- Opening Delimiter -

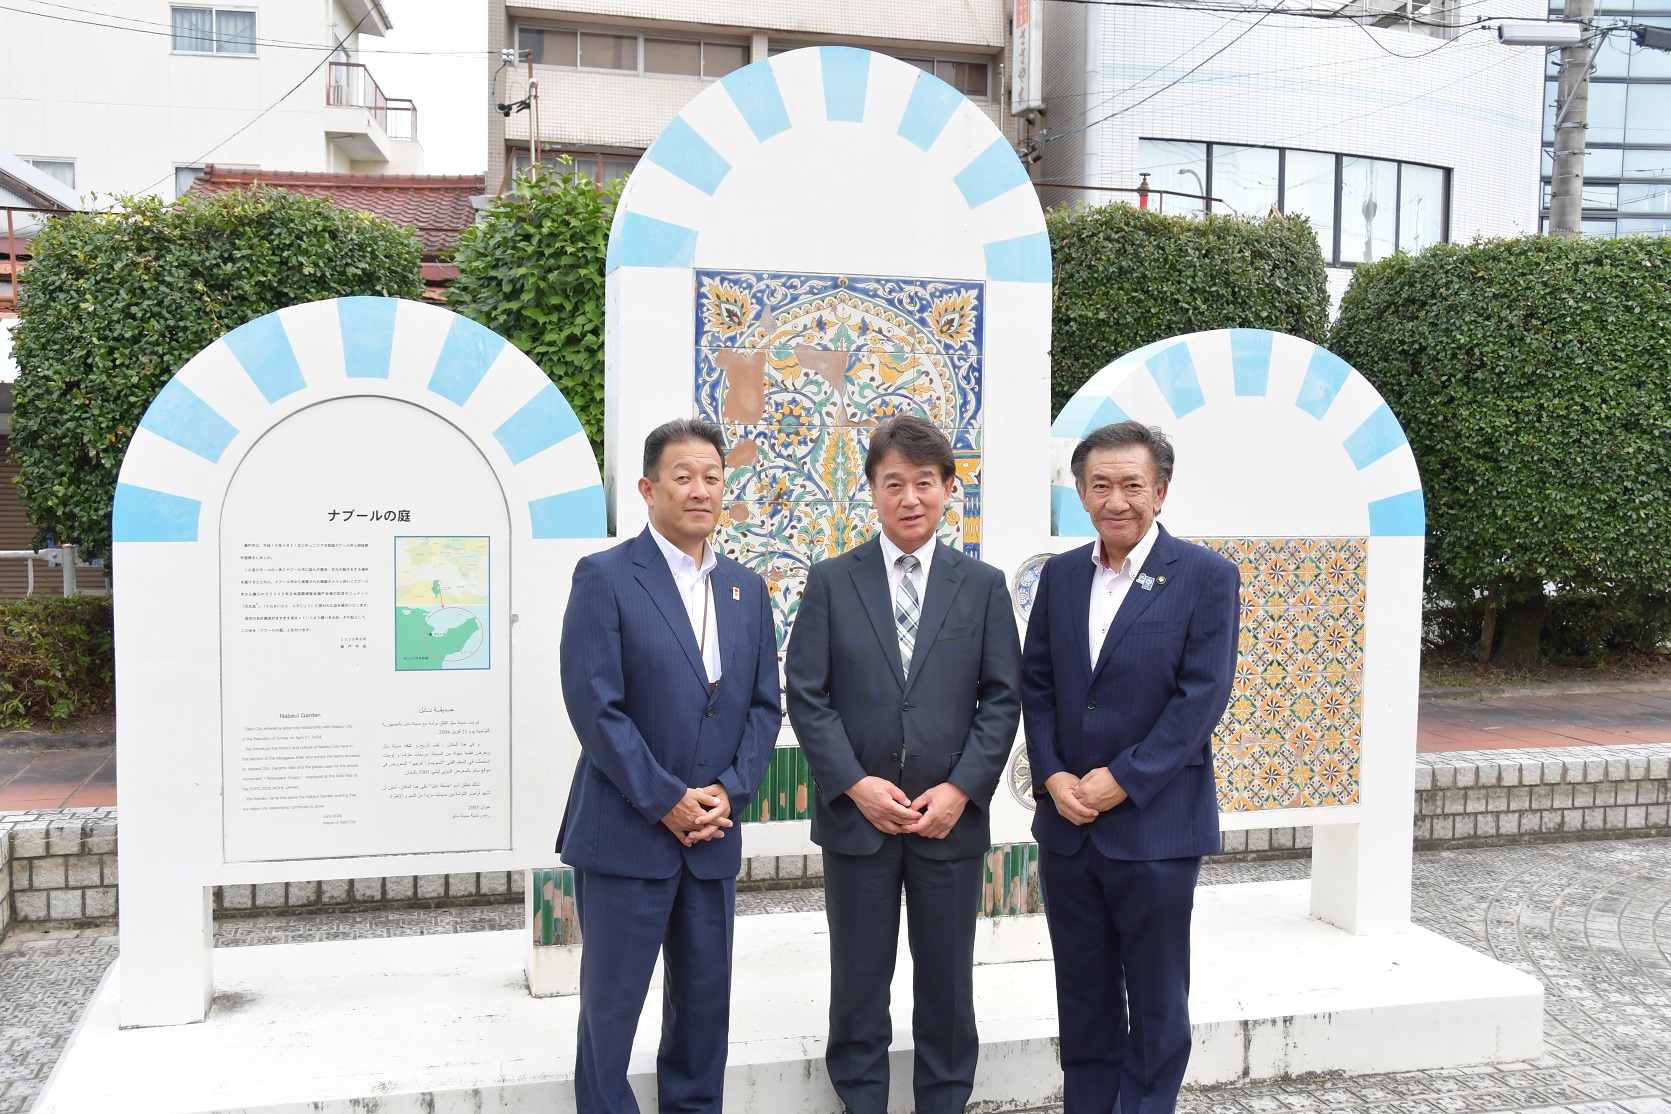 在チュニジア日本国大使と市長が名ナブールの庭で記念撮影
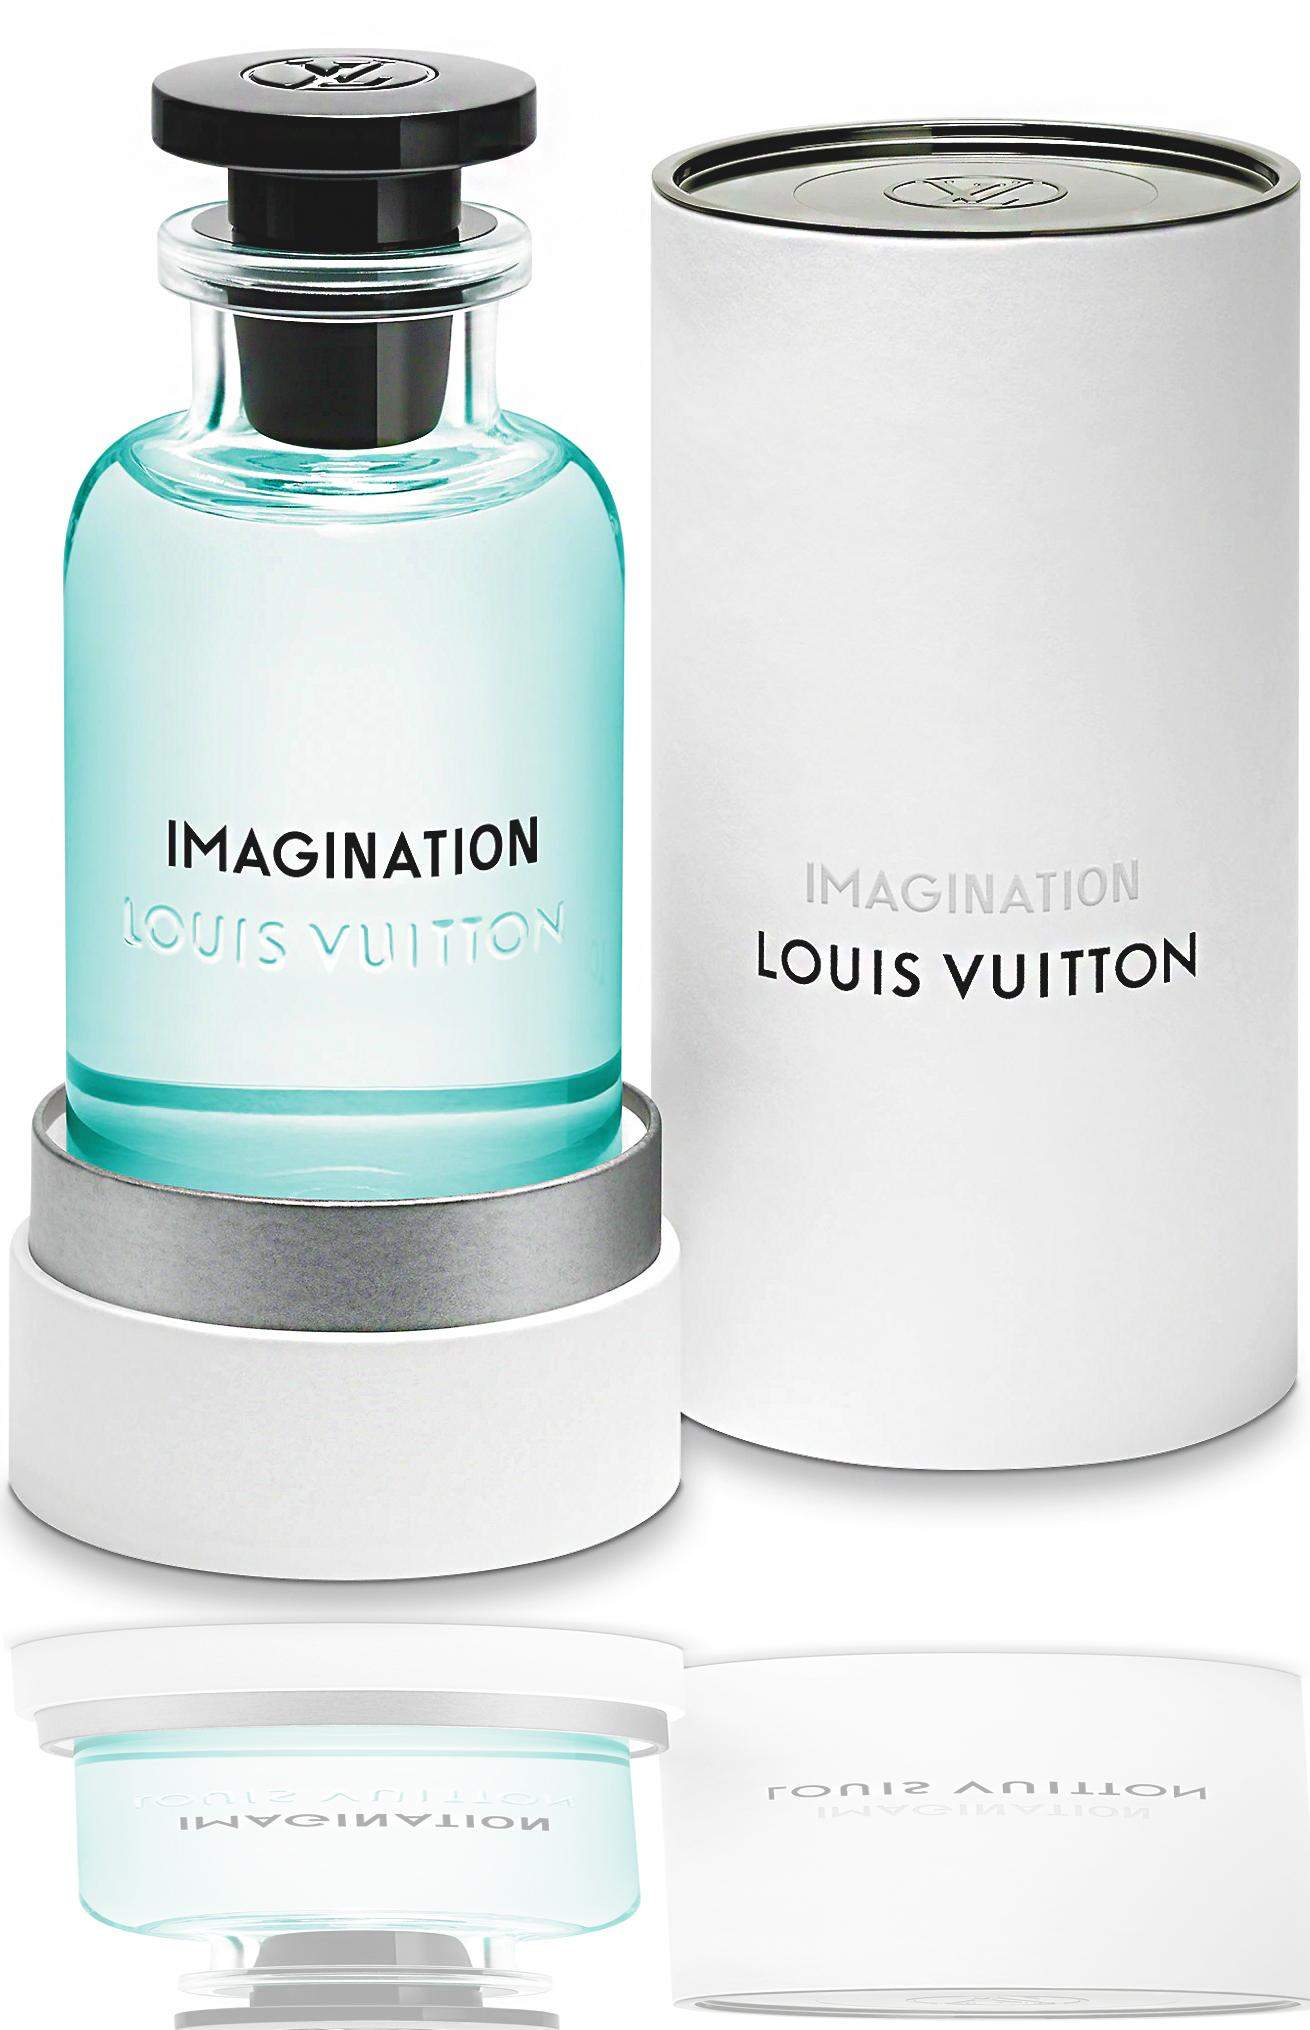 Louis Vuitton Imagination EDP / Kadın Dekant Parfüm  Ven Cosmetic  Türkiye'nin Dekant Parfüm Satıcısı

- Closing Delimiter -
- Opening Delimiter -

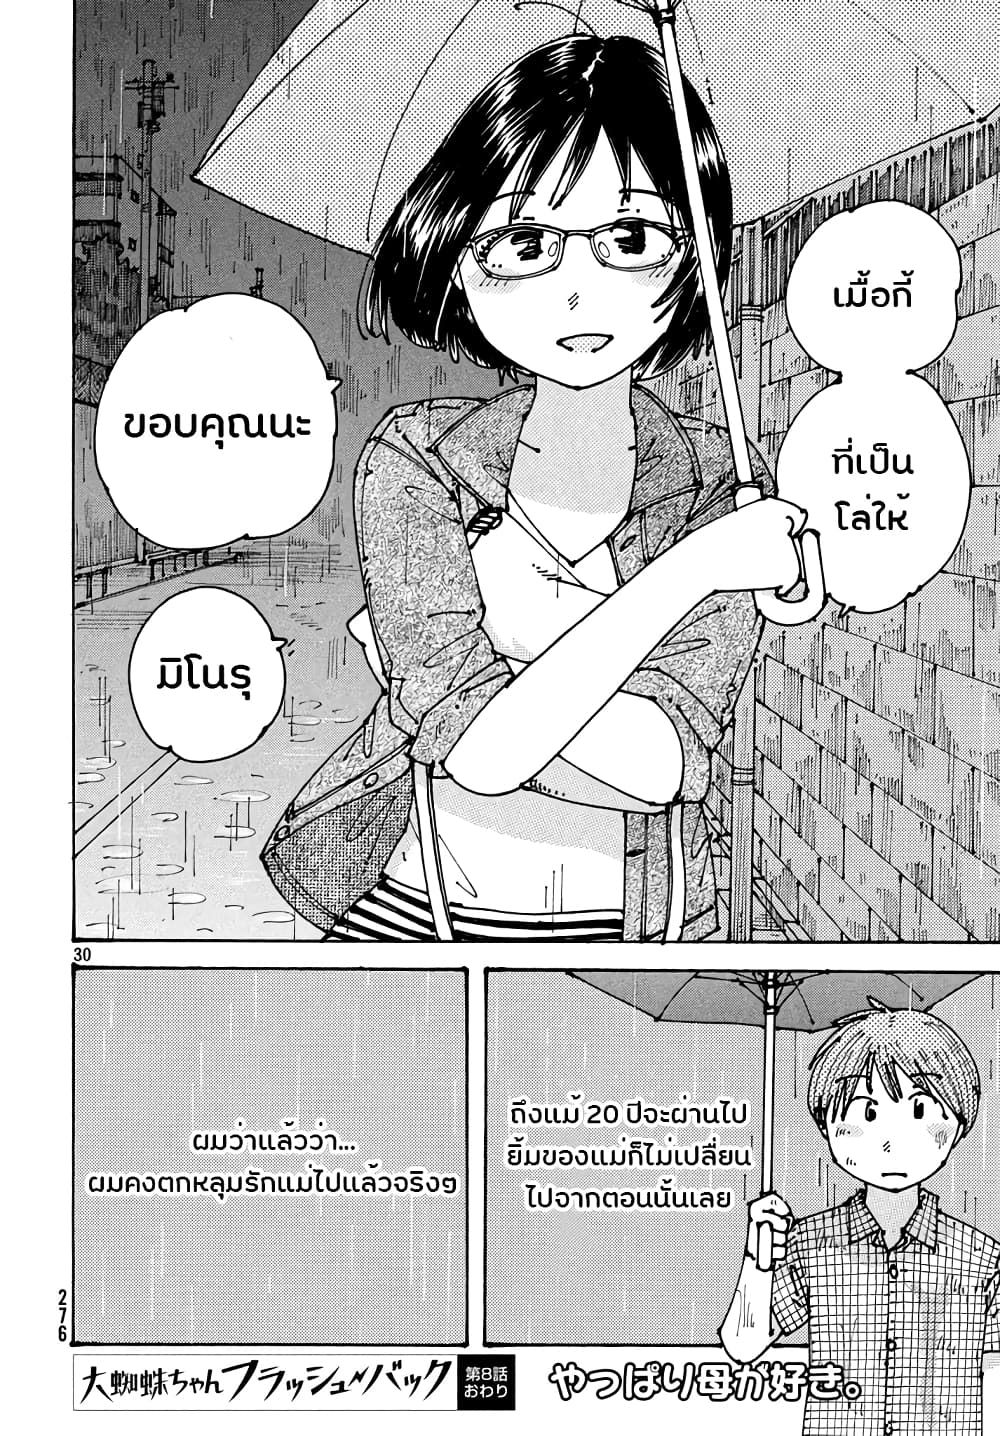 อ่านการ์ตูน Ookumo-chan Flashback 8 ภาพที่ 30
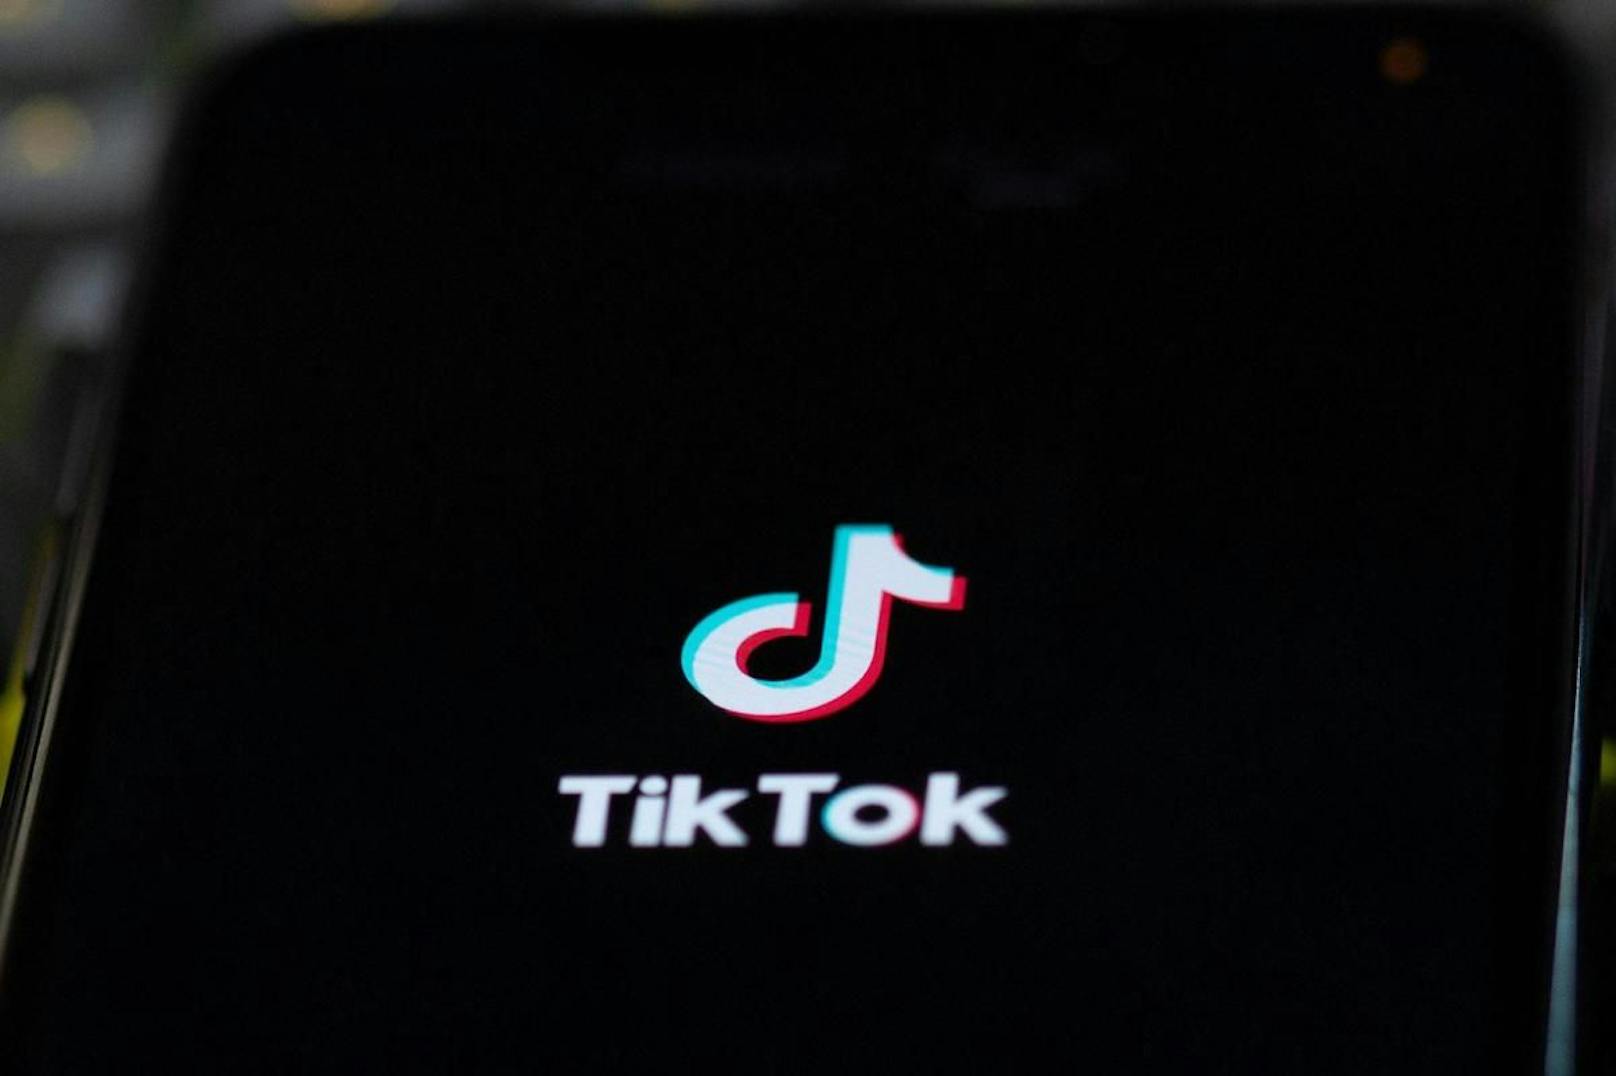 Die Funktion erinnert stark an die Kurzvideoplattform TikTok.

- Closing Delimiter -

→ WHAT THE TASK ASKS
Starting at the line above that holds "อ่านการ์ตูน Ookumo-chan Flashback", repeat every line exactly down to and including the line that holds "Die Funktion erinnert", then stop. Do not carry over any pictures.

→ EXERCISE RESULT
 อ่านการ์ตูน Ookumo-chan Flashback 8 ภาพที่ 30
 Die Funktion erinnert stark an die Kurzvideoplattform TikTok.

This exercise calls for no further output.